• Int J Med Sci · Jan 2017

    KLF6 inhibited oral cancer migration and invasion via downregulation of mesenchymal markers and inhibition of MMP-9 activities.

    • Li-Sung Hsu, Ren-Hung Huang, Hung-Wen Lai, Hui-Ting Hsu, Wen-Wei Sung, Ming-Ju Hsieh, Chong-Yu Wu, Yueh-Min Lin, Mu-Kuan Chen, Yu-Sheng Lo, and Chih-Jung Chen.
    • Institute of Biochemistry, Microbiology, and Immunology, Chung Shan Medical University, Taichung, Taiwan.
    • Int J Med Sci. 2017 Jan 1; 14 (6): 530-535.

    AbstractKrüppel-like factors can bind to specific DNA motifs and regulate various cellular functions, such as metabolism, cell proliferation, and differentiation. Krüppel-like factor 6 (KLF6), a member of this family, is downregulated in human cancers. Oral cancer is a highly prevalent type in Taiwan.
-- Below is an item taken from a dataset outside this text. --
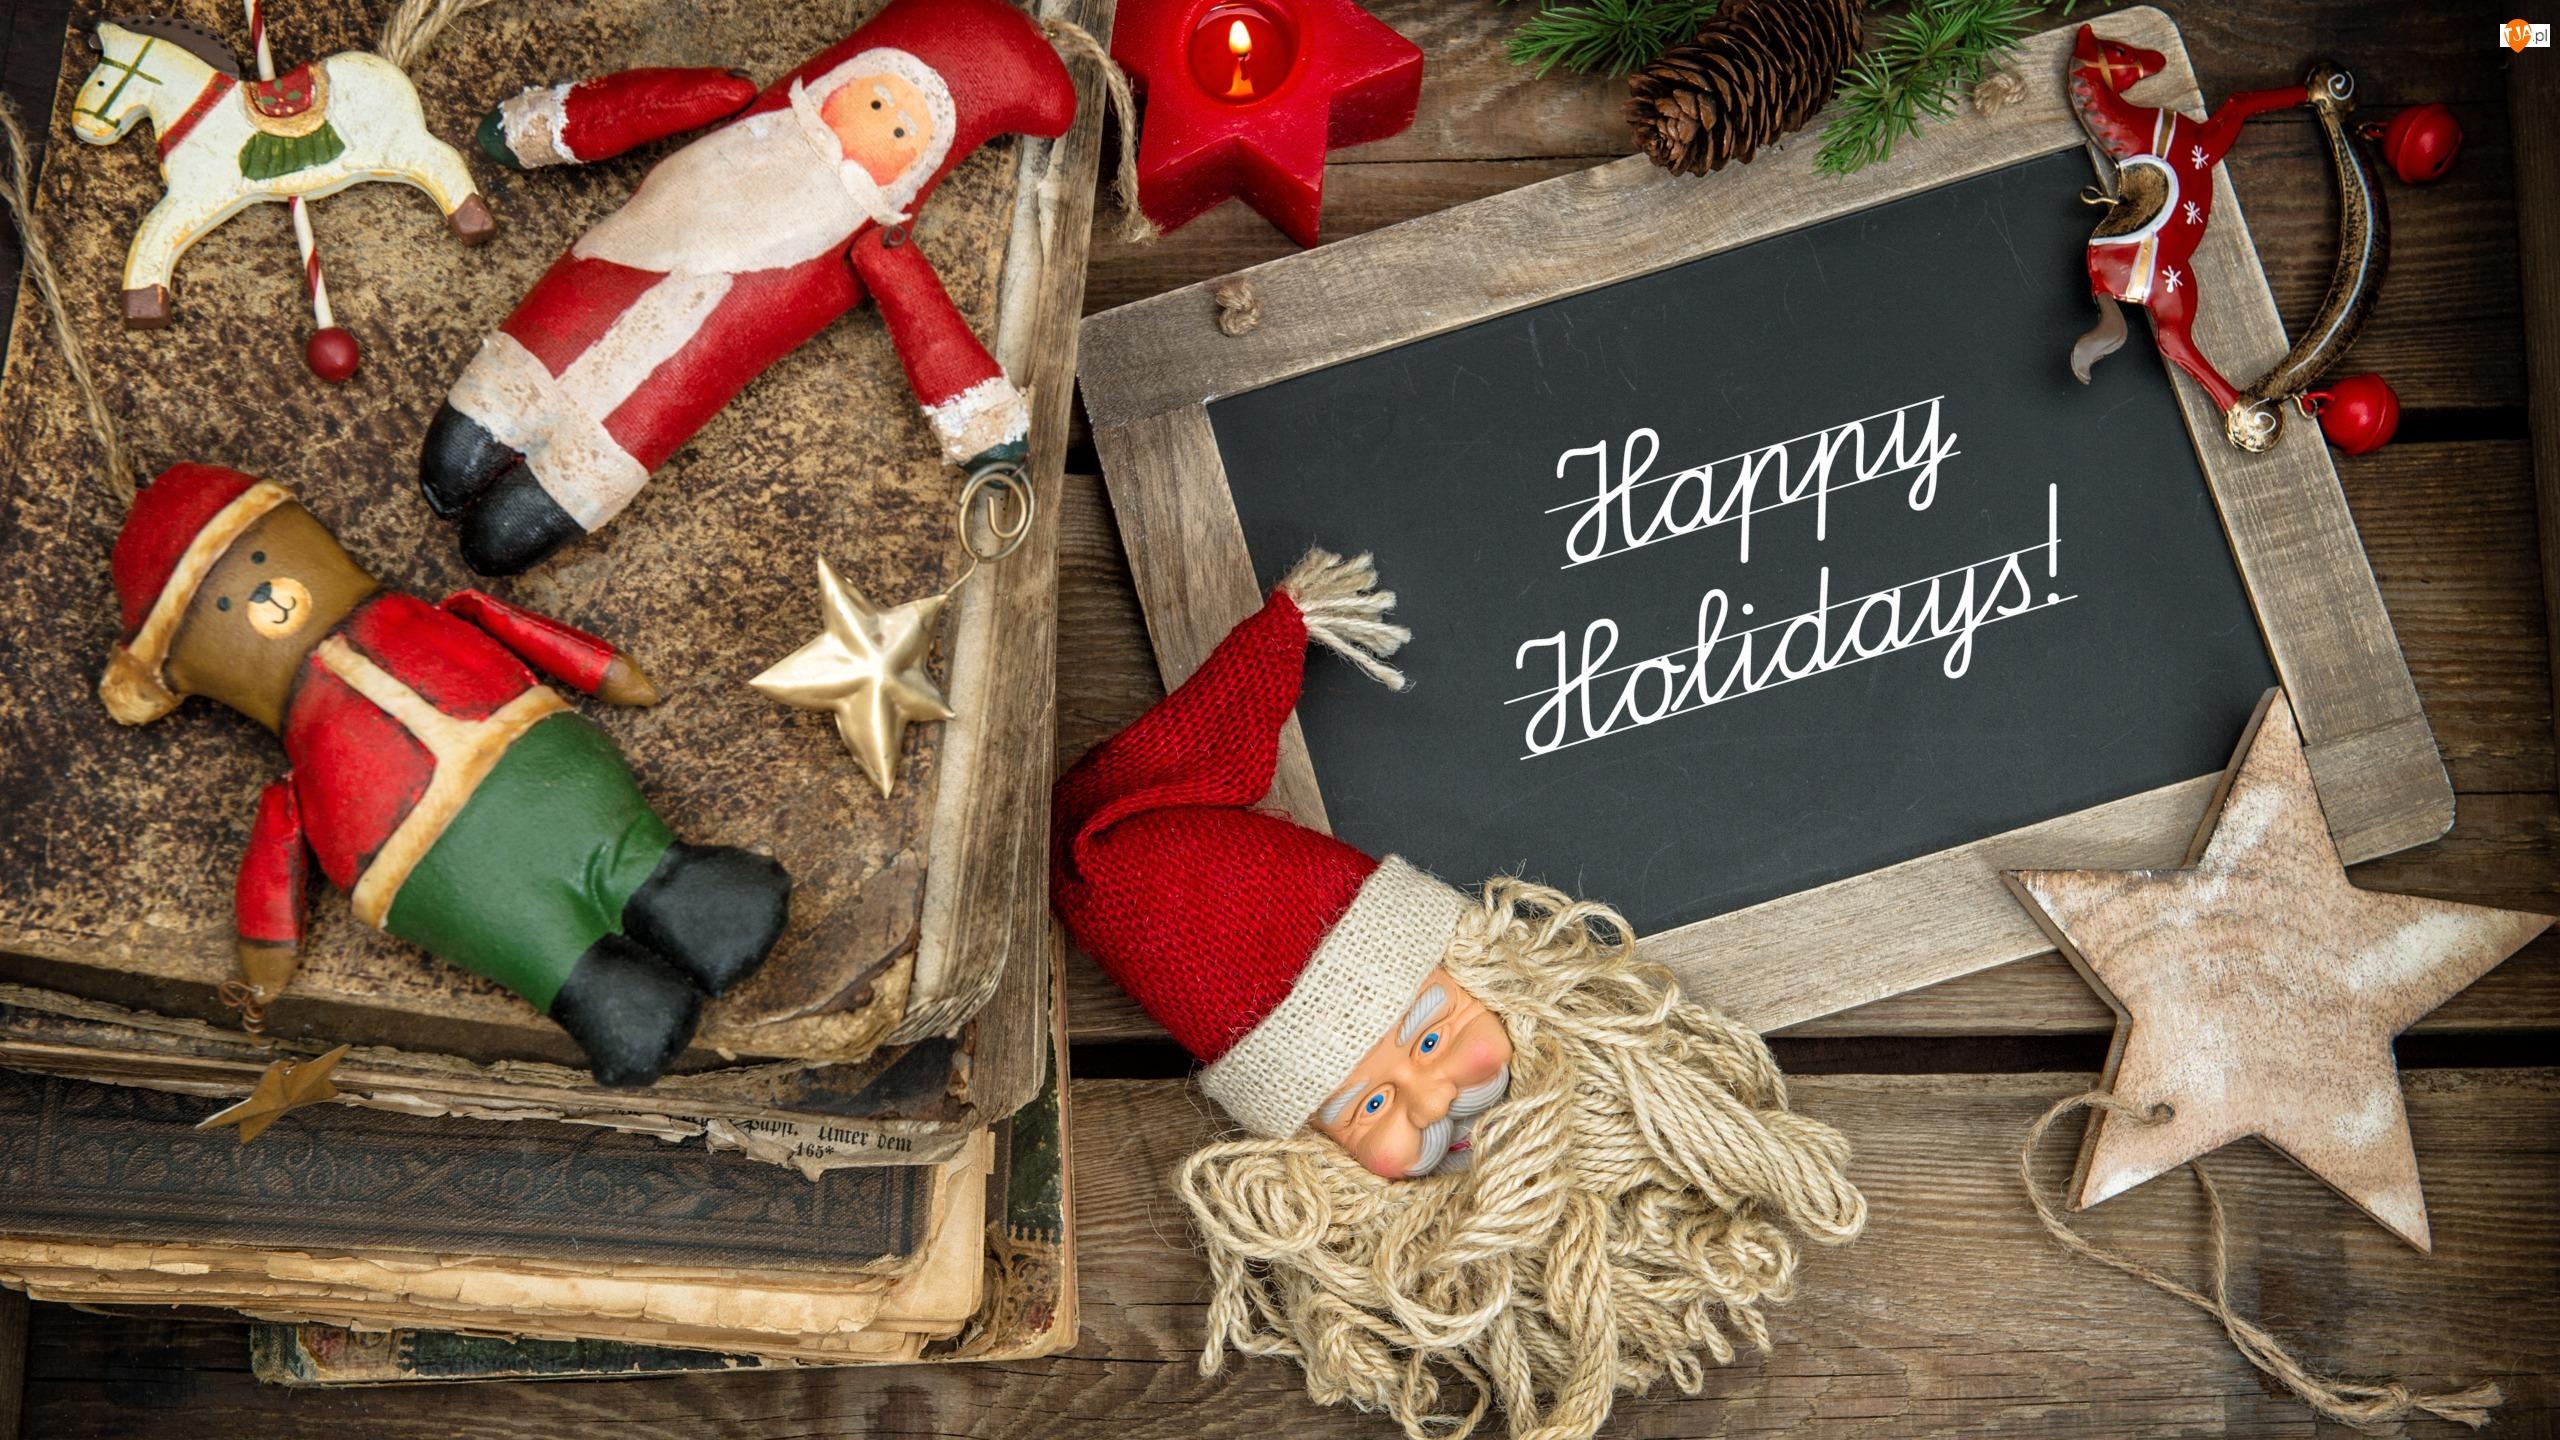 Koniki, Gwiazdka, Świeca, Vintage, Świąteczna, Zabawki, Tablica, Deski, Napis, Miś, Kompozycja, Książki, Happy Holidays, Mikołaj

Although KLF6 overexpression in human cancer cells inhibits cell proliferation, induces apoptosis, and attenuates cell migration, the effects of KLF6 on oral cancer remains poorly elucidated. This study investigated the role of KLF6 in oral cancer tumorigenesis. Immunohistochemical staining revealed that nuclear KLF6 level was significantly and inversely associated with tumor size and stages. KLF6 overexpression attenuated the migration and invasion of oral cancer SAS cells. Zymography assay demonstrated that KLF6 inhibited the activities of matrix metalloproteinase 9 (MMP-9) and weakened the expression of mesenchymal markers, such as snail, slug, and vimentin. Our study is the first to provide demonstrate that KLF6 functions as a tumor suppressor gene and prevents the metastasis of oral cancer cells.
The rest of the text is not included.